The idea is to donate all funds raised from the pets' campaigns to the Fair Haven Grade School to give students a new playground. Last year, Fair Haven elected Mara Lincoln, a goat, as mayor. This year, two other pets-- Sammy and Murfee-- are in the running.

Sammy joined the local police department about five years ago after being rescued from the Chittenden County Humane Society. Sgt. Dale Kerber doesn't know if Sammy will be able to win the race but he can make one campaign promise.

"If you elect Sammy your honorary mayor, I can guarantee you that at her swearing-in, she will not poop on the floor, as the goat did last year, and I ended up cleaning up," Kerber said.

The third candidate, Murfee, is part of Caring Canines Therapy Dogs of Southern Vermont.
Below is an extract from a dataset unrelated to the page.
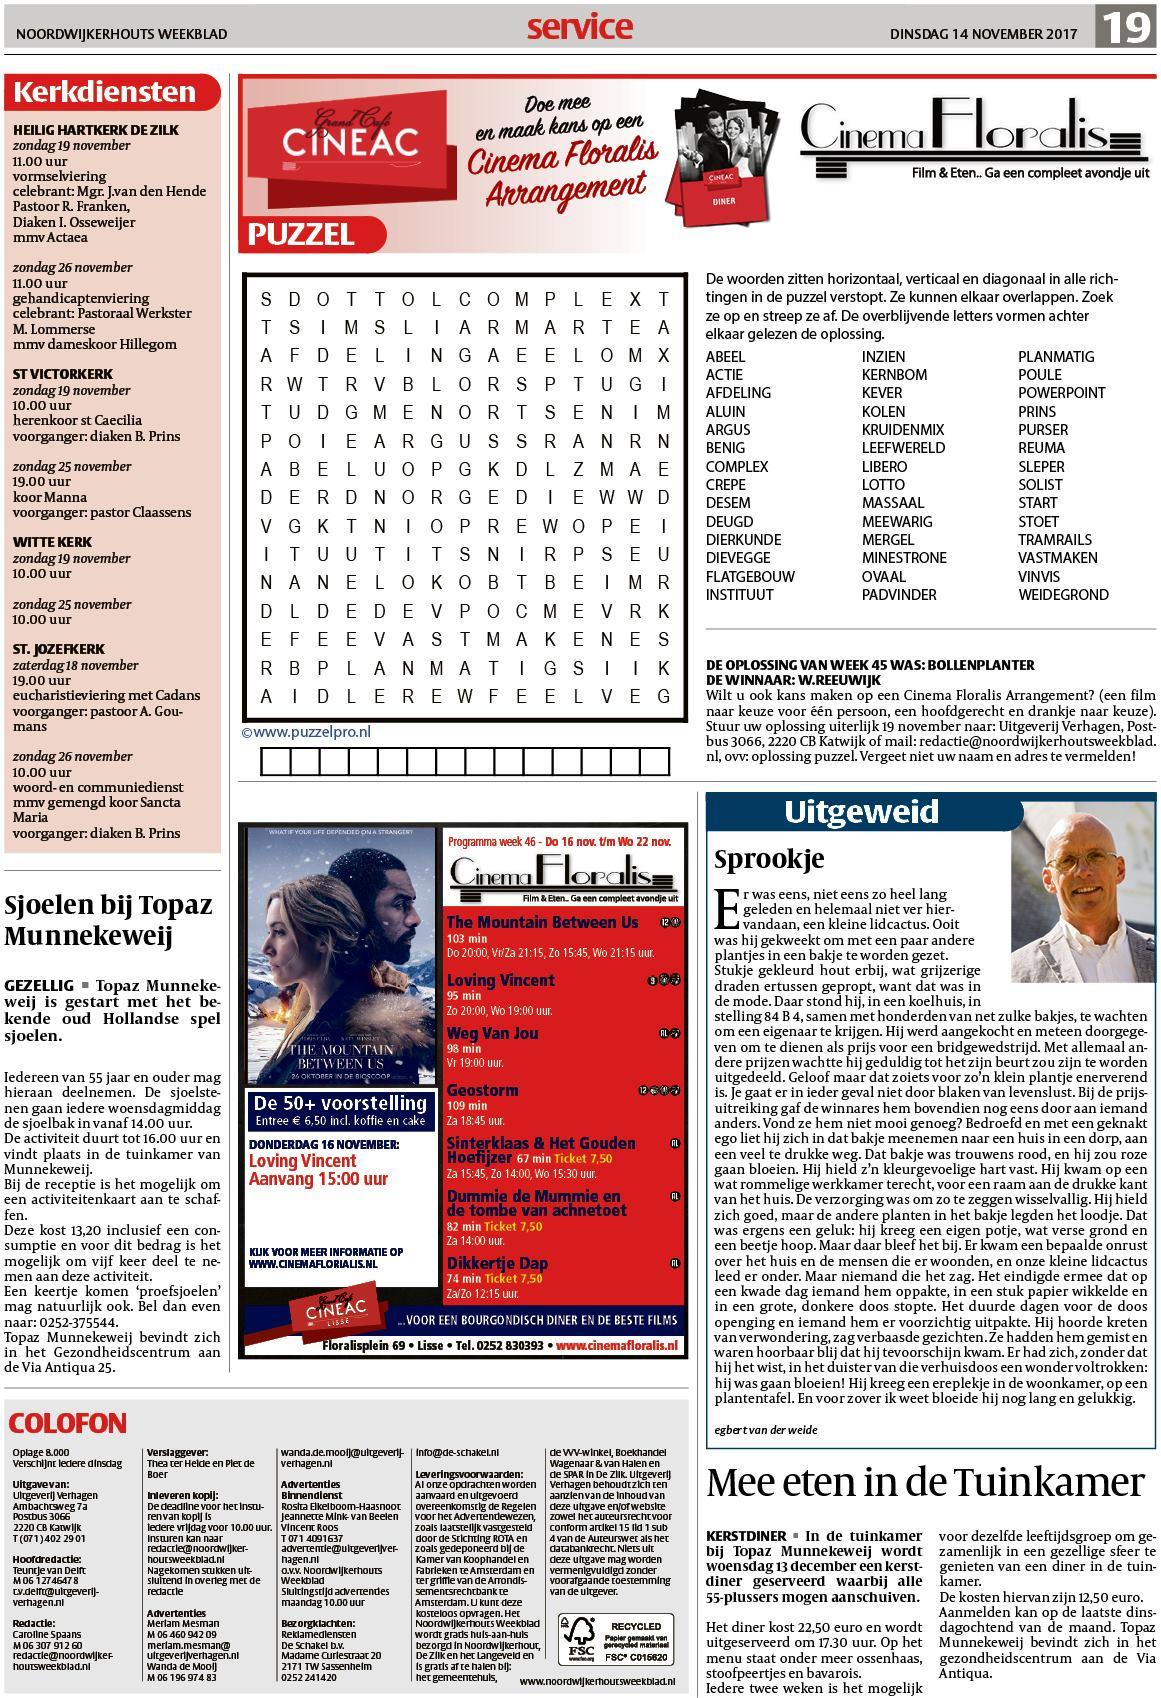 6916a9aad4a Noordwijkerhouts Weekblad 14 november 2017

He visits nursing homes, hospitals and schools.

"When we heard there was a contest for the mayor it seemed appropriate that Murfee, who loves kids, would work really hard to get the best playground he could for them," said Linda Barker, Murfee's campaign manager.

Murfee is campaigning by selling baked goods this Saturday at Shaw's from 11 a.m.-3 p.m.

So do people find electing animals as mayor silly?

"As an adult, yes, but the whole point is I can see why they are doing it-- to raise money for the playground. The equipment needs to be replaced," Kerber said.

It also gets the students involved with the election. On the morning of March 3, the school will bus kids to the polling station so they can have their say and learn the importance of voting.

"I'm hoping this kind of gets kids interested in and involved in local elections and then hopefully it sticks for when they turn 18," Gunter said.

"Kids like goats, they like police dogs: it's anybody's race," Barker said.

Gunter says they like to say 'It's not just taxes and tickets, we try to have some fun in Town Hall."